§ TASK STATEMENT
An exact copy of the records below is required, and it must contain no pictures.

§ DATA EXTRACT
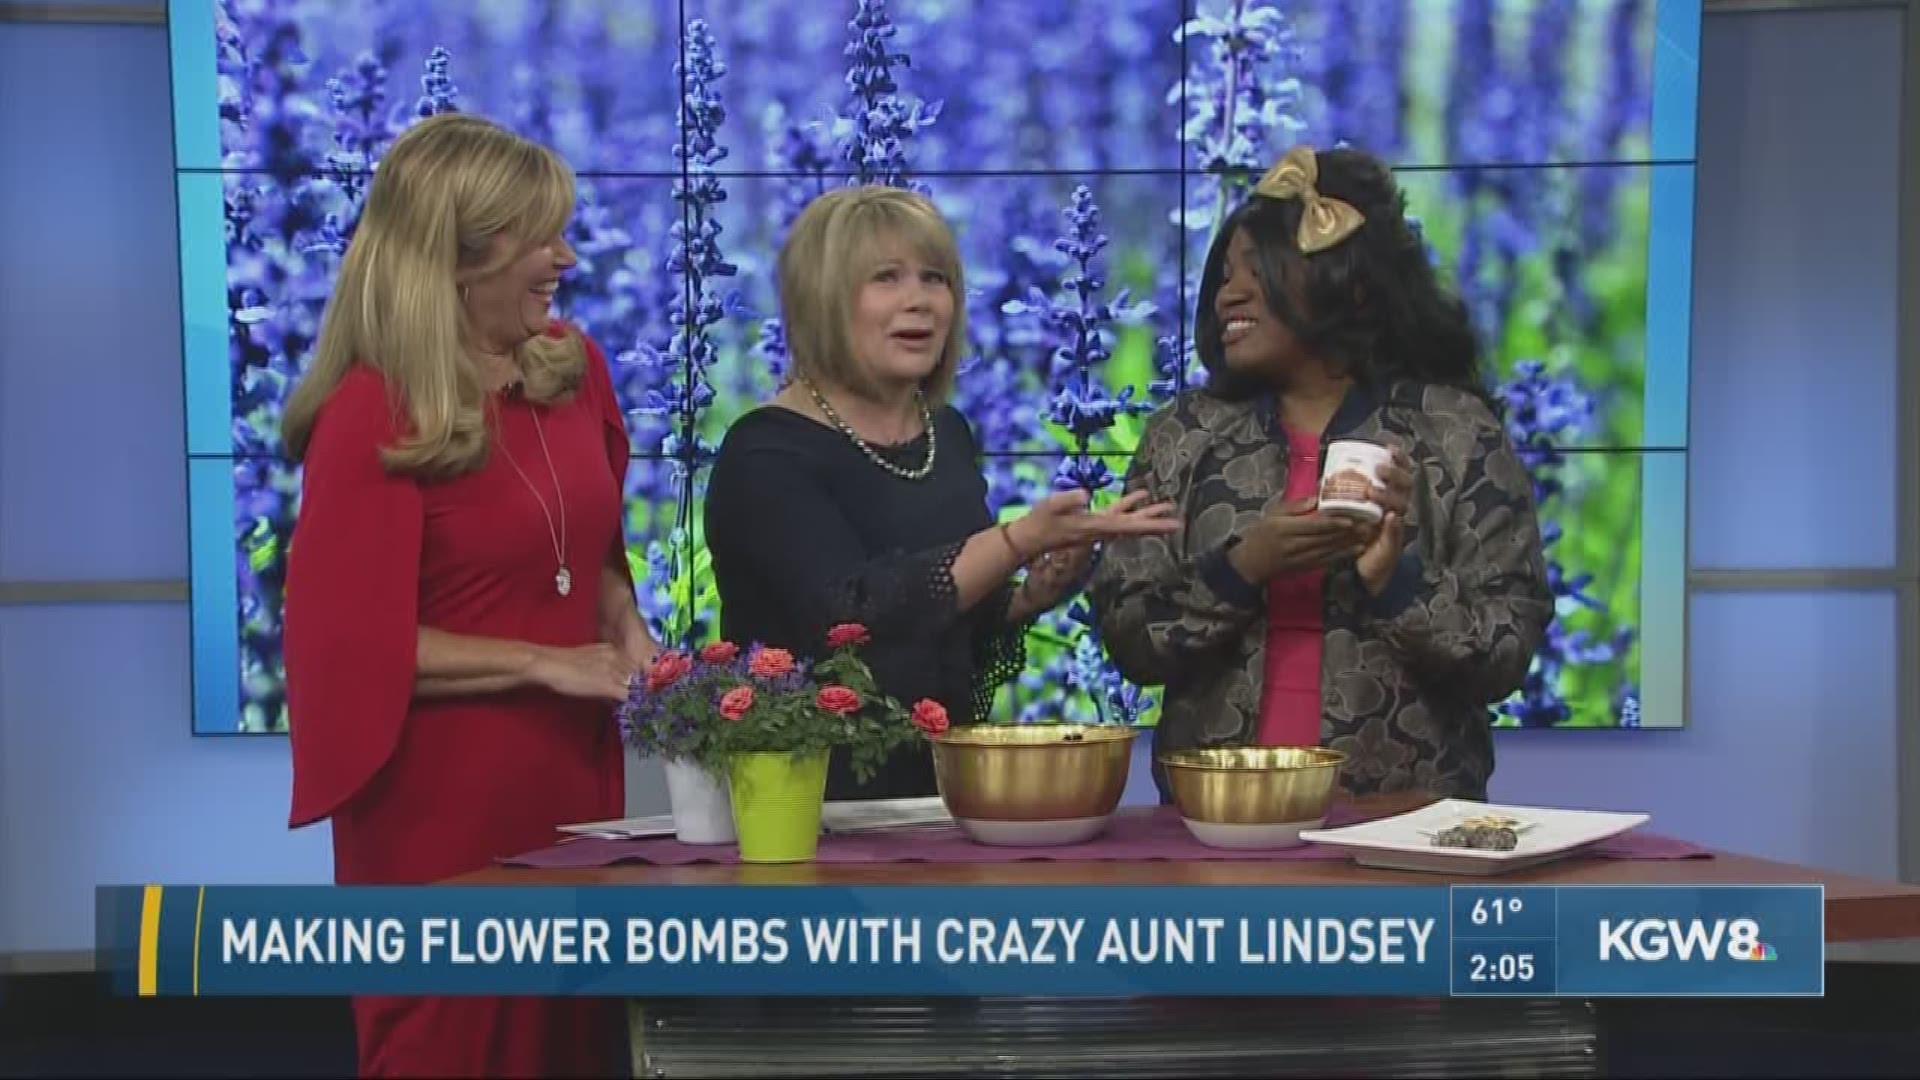 Making flower bombs with Crazy Aunt Lindsey
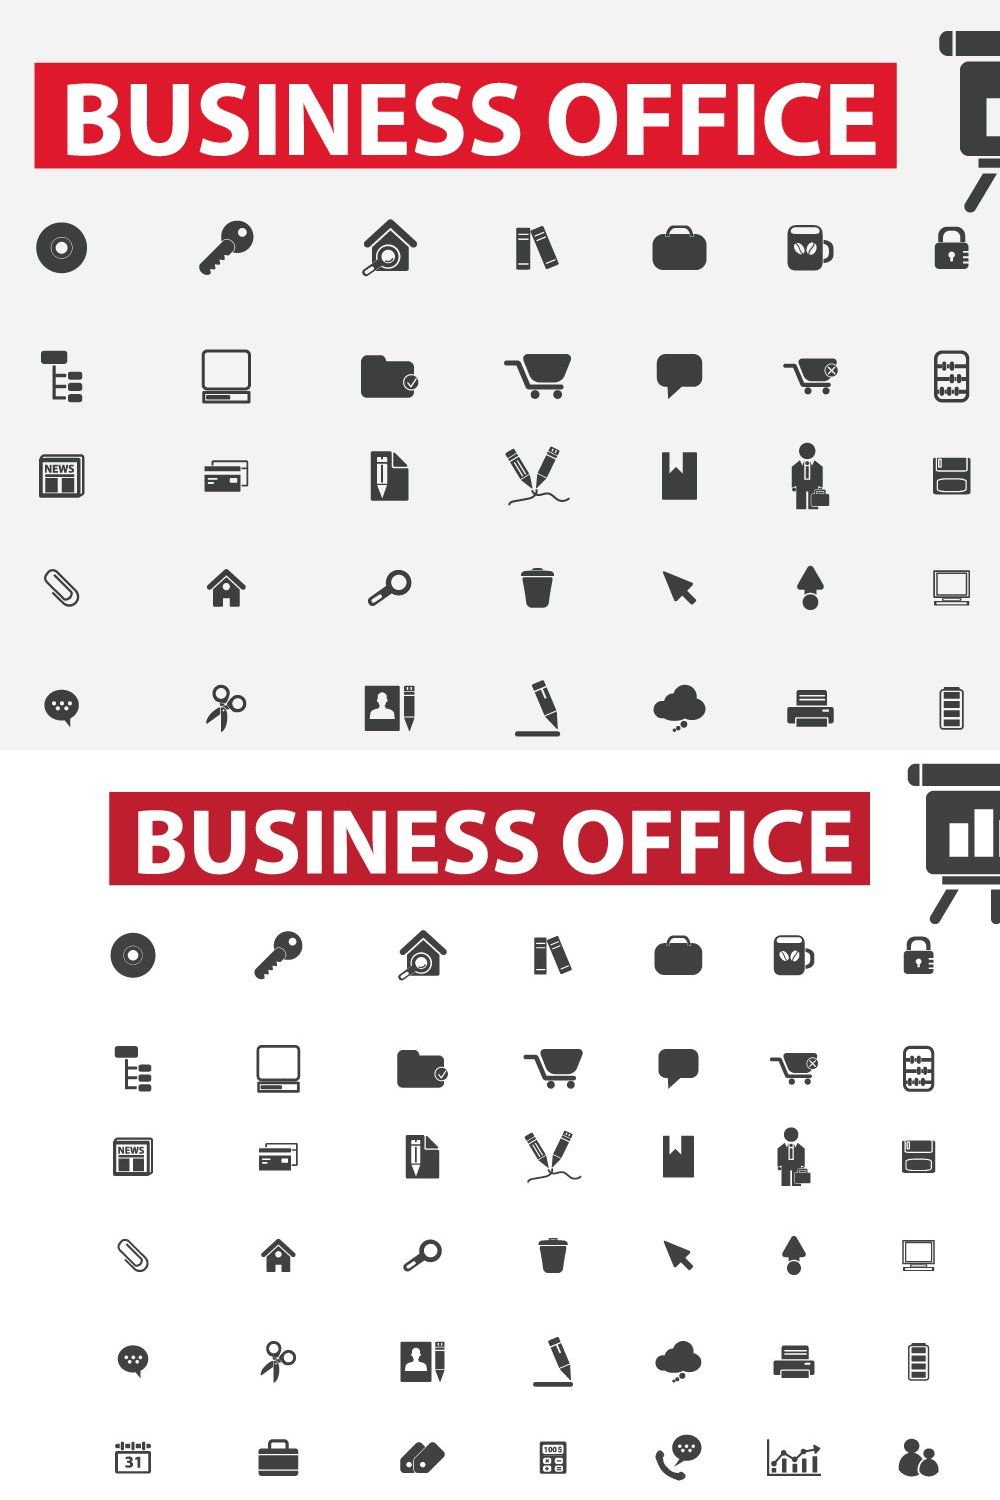 80 Business office icons pinterest preview image.
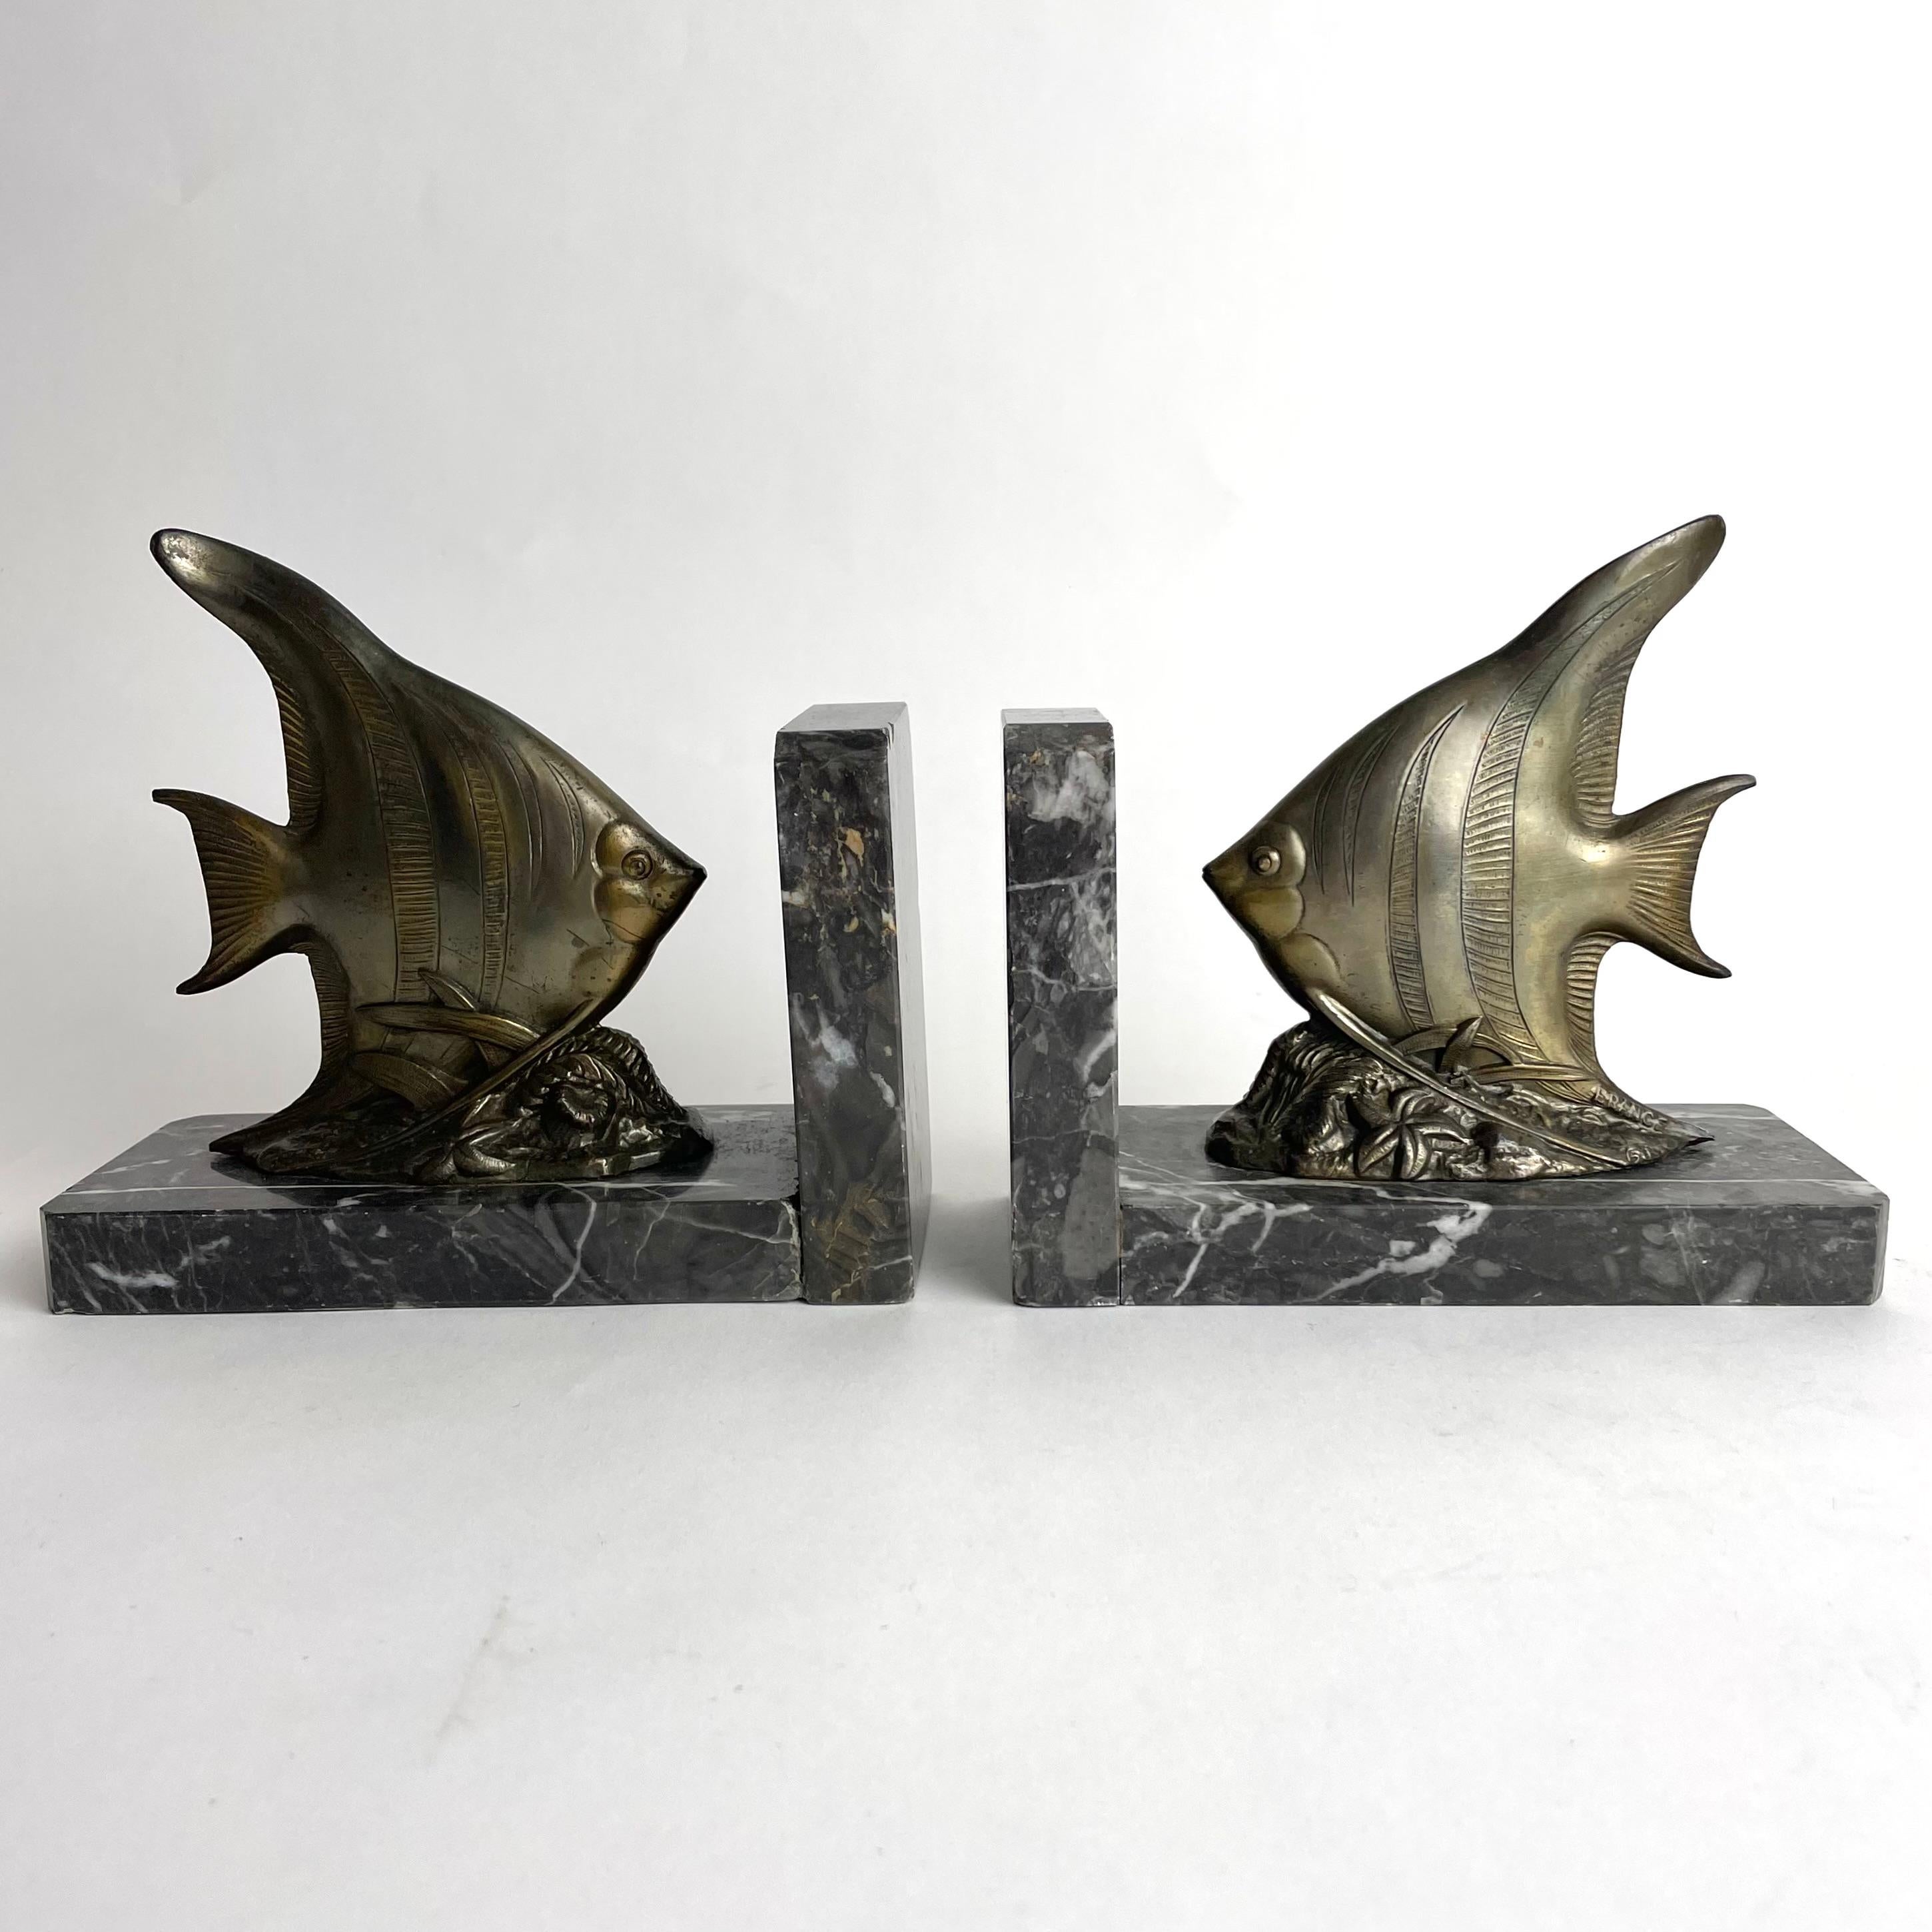 A beautiful pair of Art Deco Bookends from the 1930s with very period fishes. Made in France in patinated metal with a marble base.

Wear consistent with age and use 
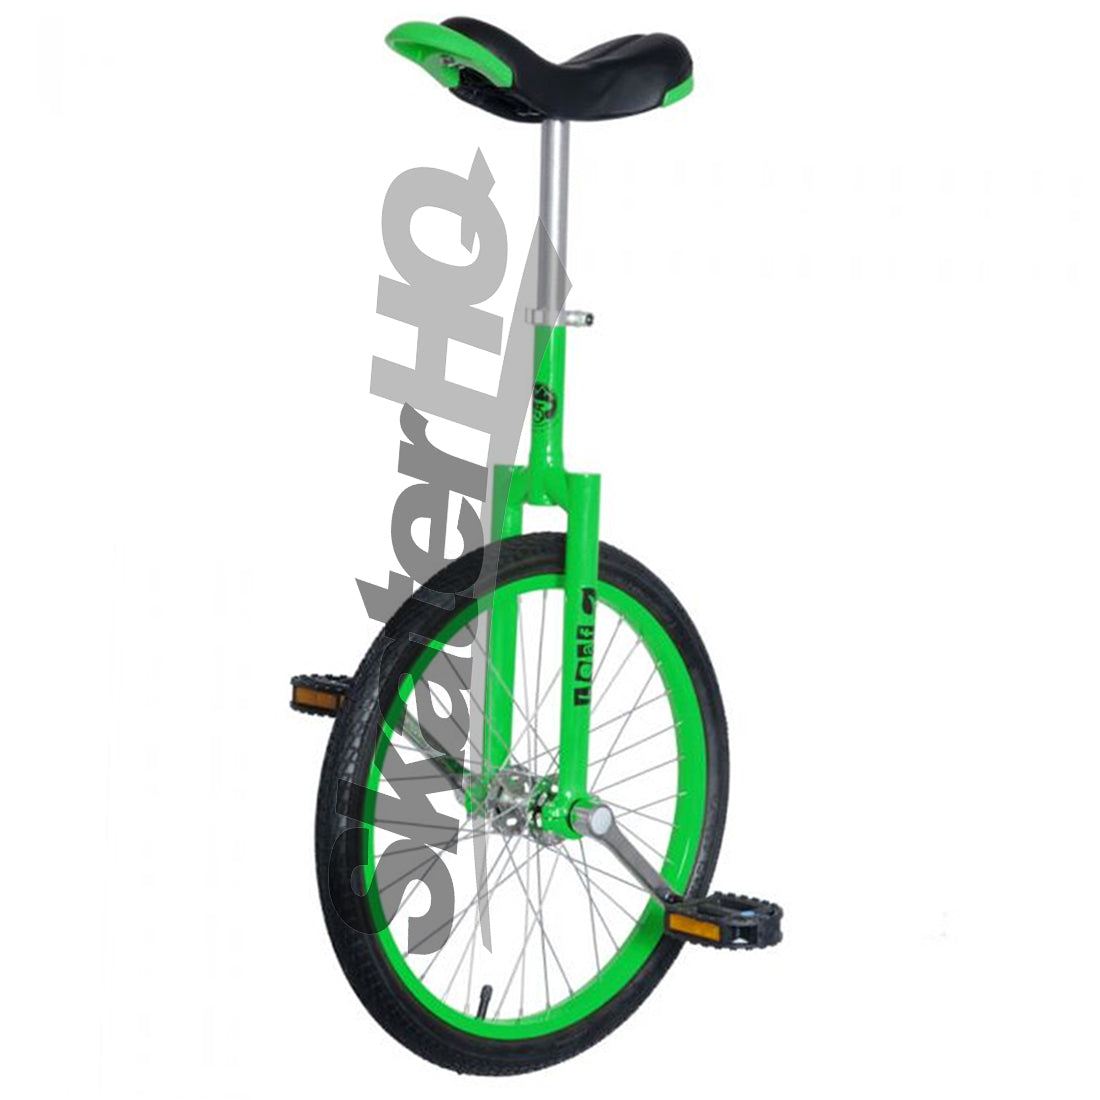 Leaf 20inch Unicycle - Green Other Fun Toys

§ WRITTEN SOLUTION
 Making flower bombs with Crazy Aunt Lindsey
 80 Business office icons pinterest preview image.
 A beautiful pair of Art Deco Bookends from the 1930s with very period fishes. Made in France in patinated metal with a marble base.

Wear consistent with age and use 
 Leaf 20inch Unicycle - Green Other Fun Toys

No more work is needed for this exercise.